• Exercise description: Write out every line of the material as it stands, apart from the pictures.

• Exercise data:
###
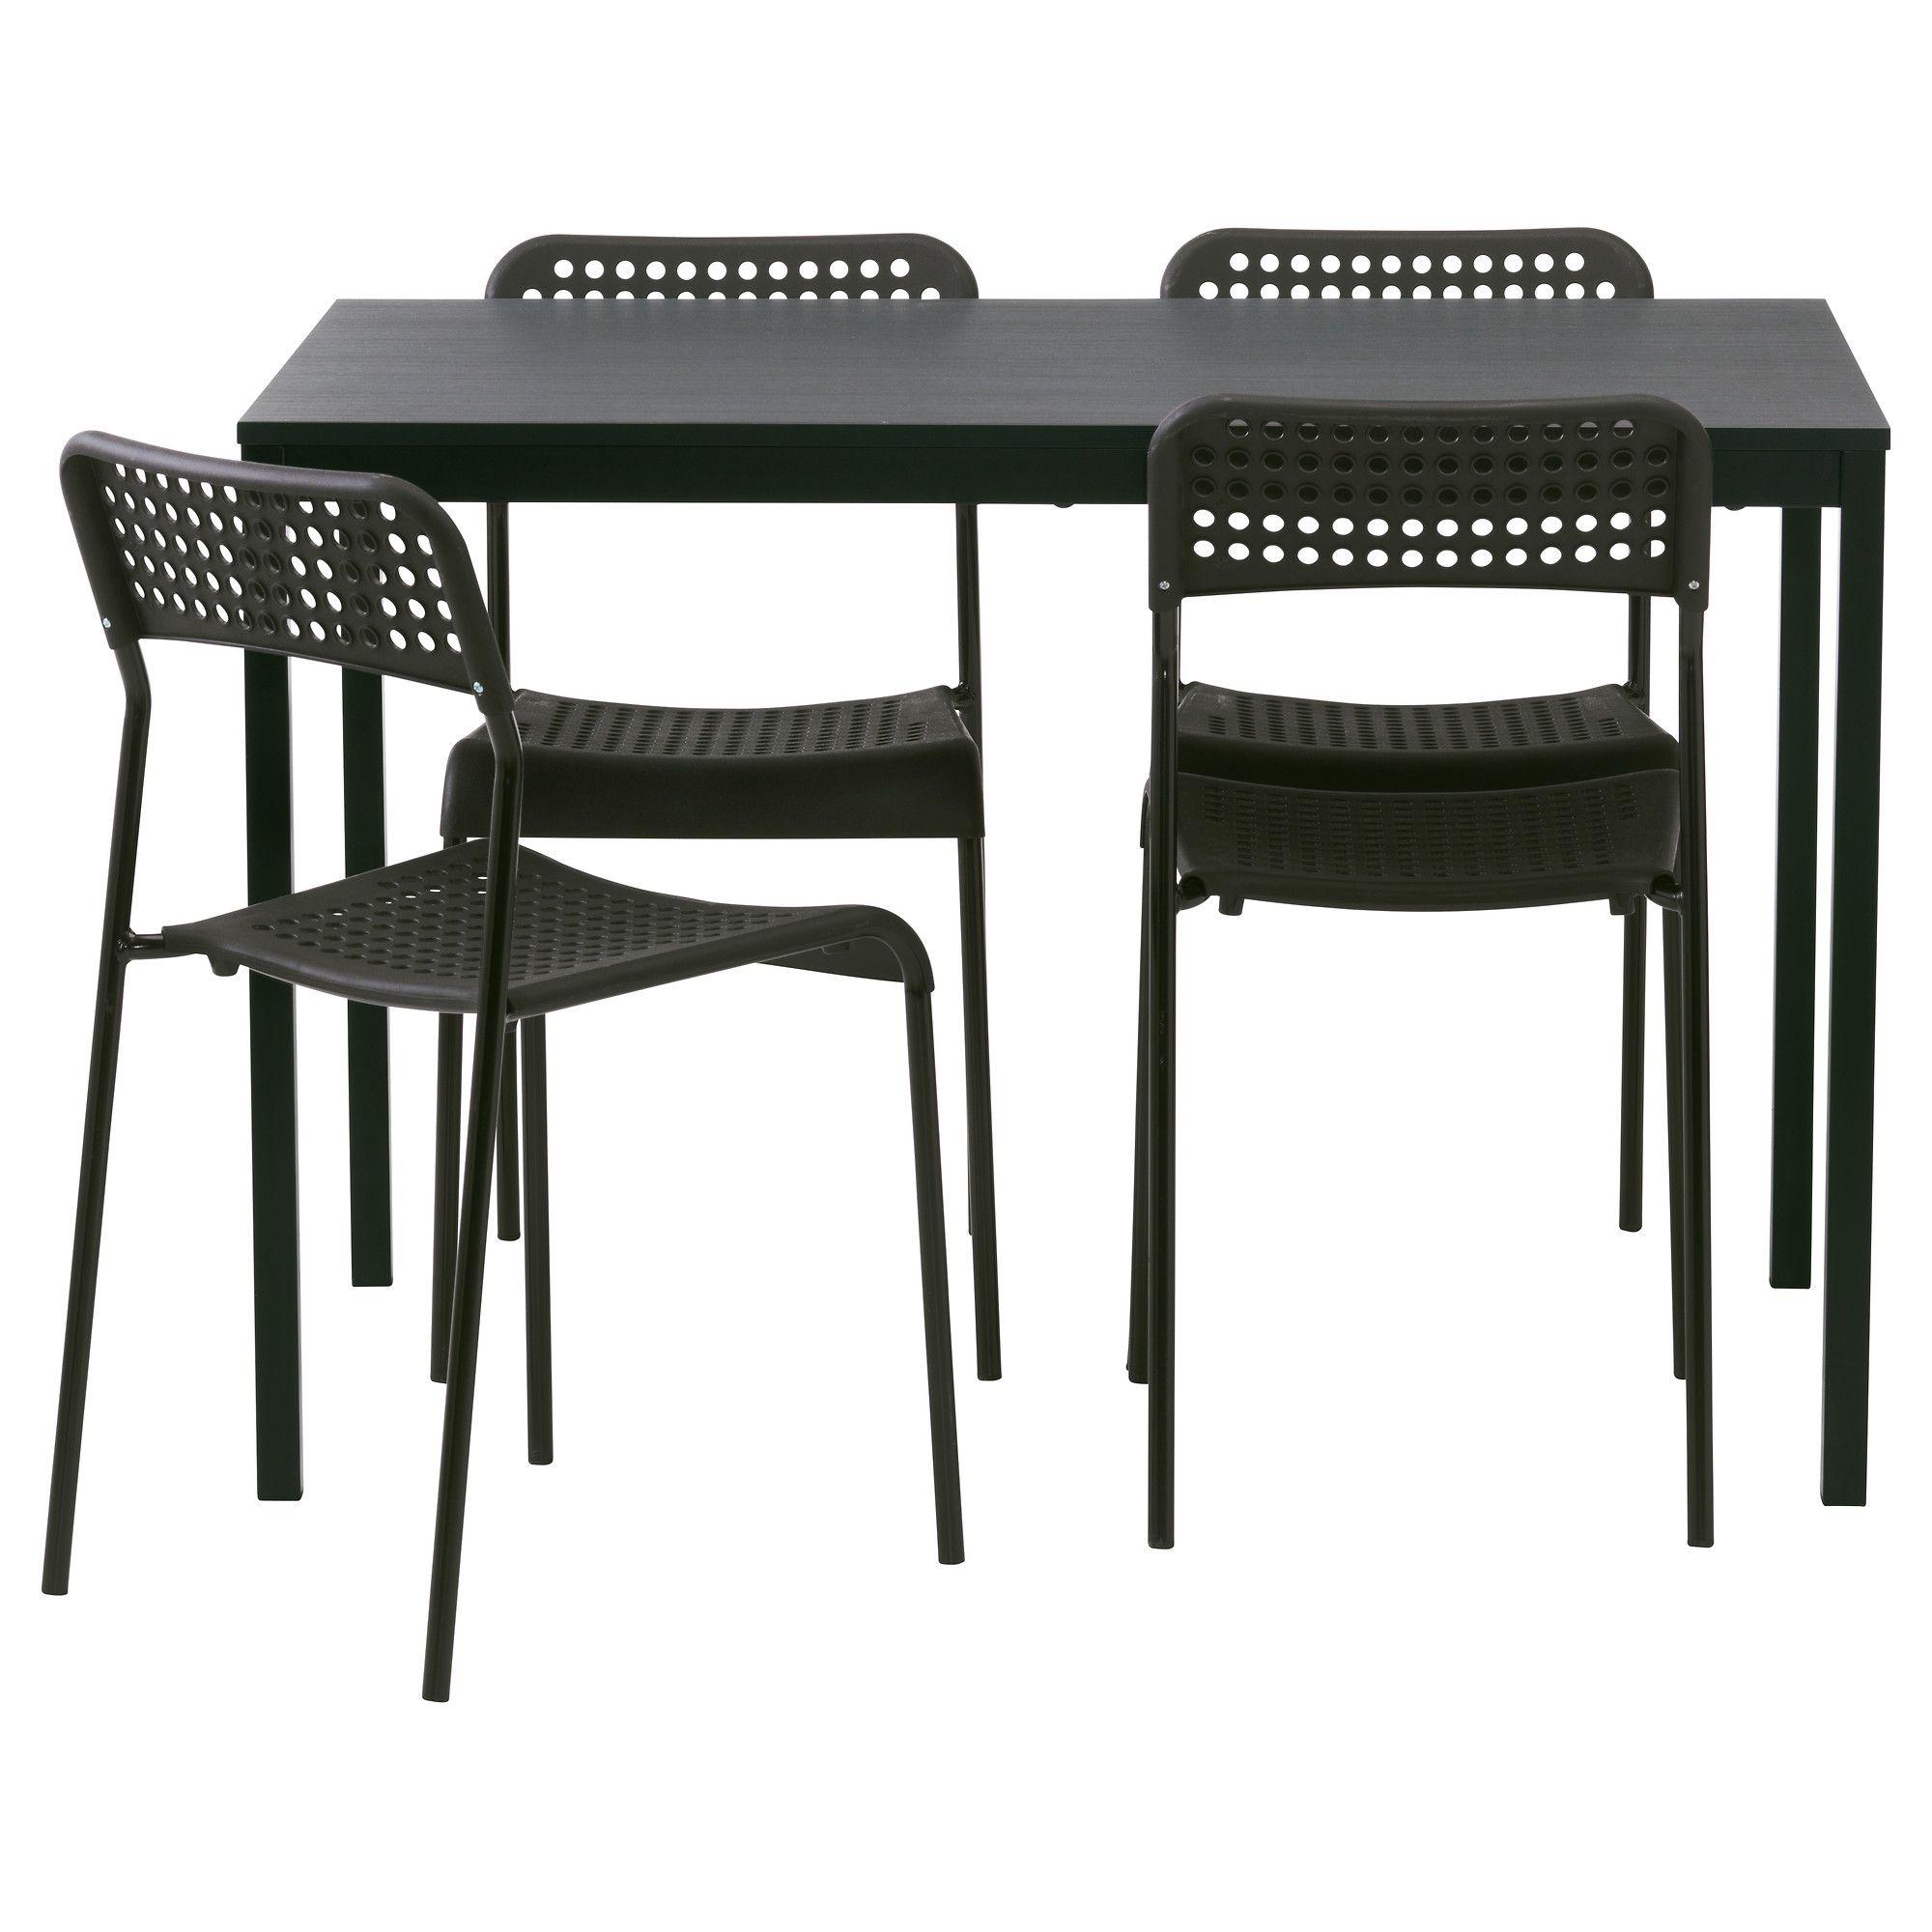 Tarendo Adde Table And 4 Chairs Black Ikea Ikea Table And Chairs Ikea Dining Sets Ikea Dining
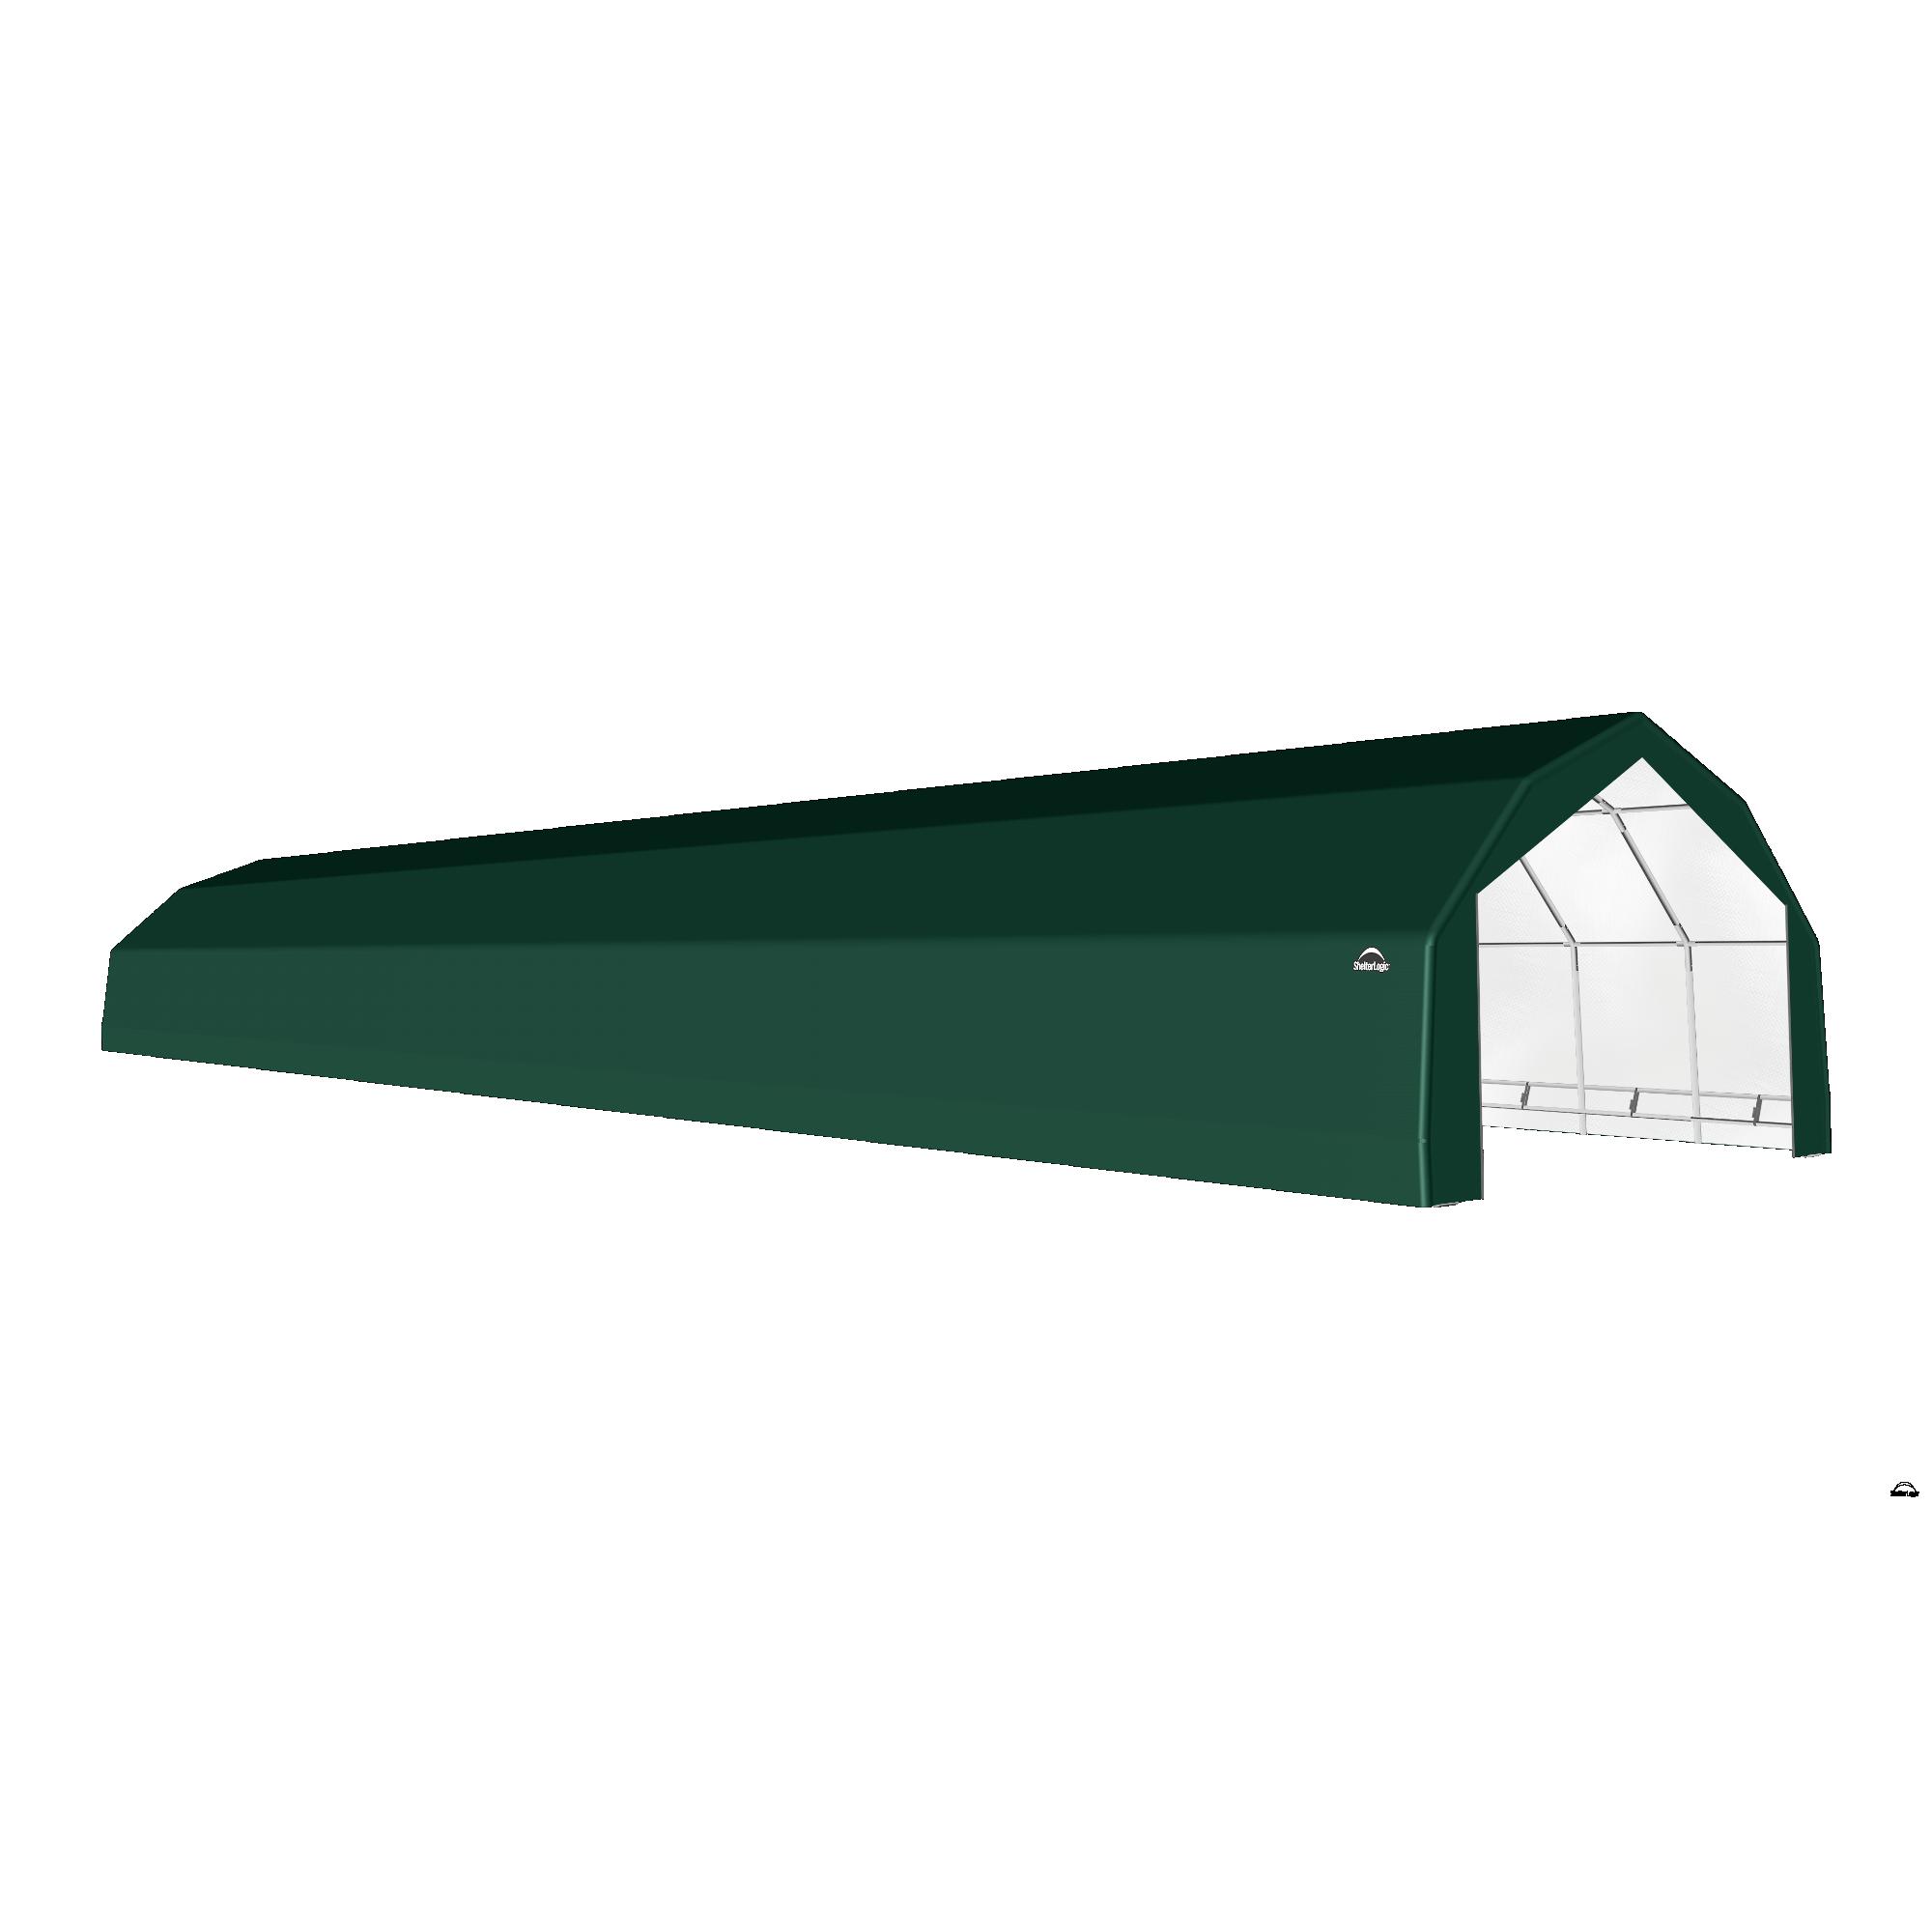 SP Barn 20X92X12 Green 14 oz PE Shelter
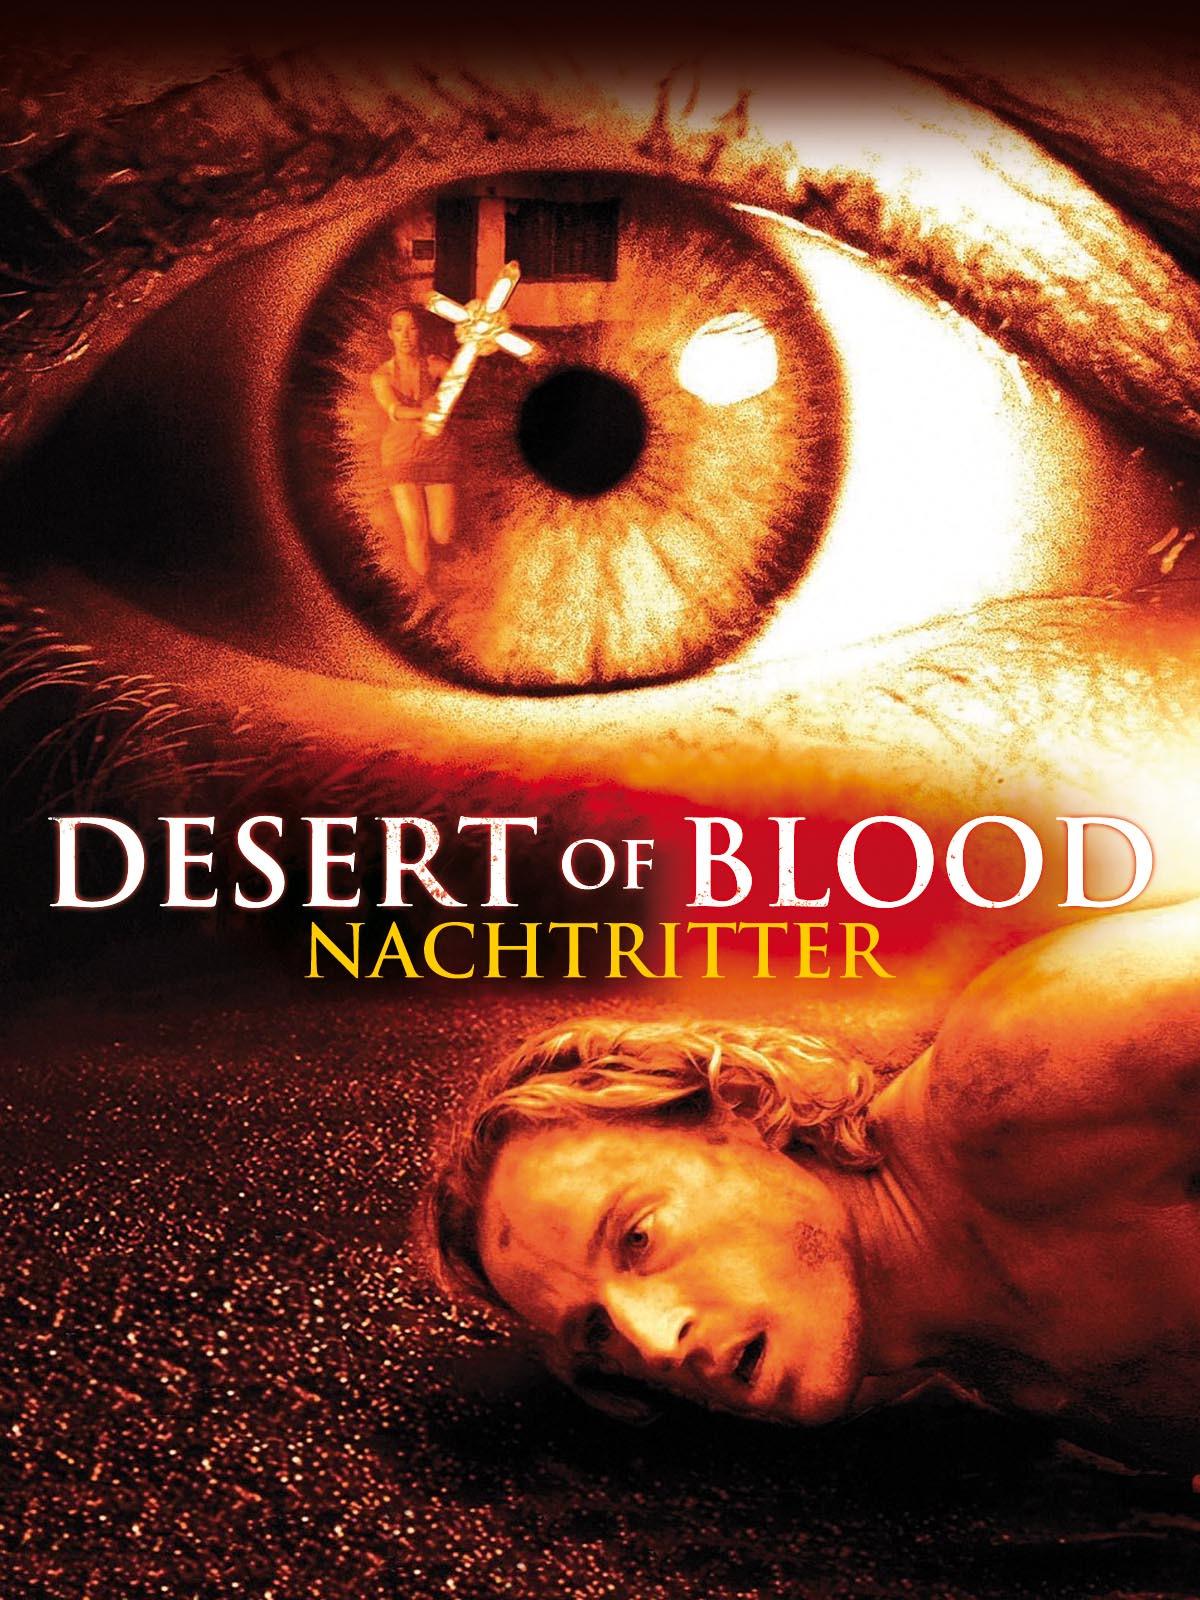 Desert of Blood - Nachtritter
###
• Finished task:
 Tarendo Adde Table And 4 Chairs Black Ikea Ikea Table And Chairs Ikea Dining Sets Ikea Dining
 SP Barn 20X92X12 Green 14 oz PE Shelter
 Desert of Blood - Nachtritter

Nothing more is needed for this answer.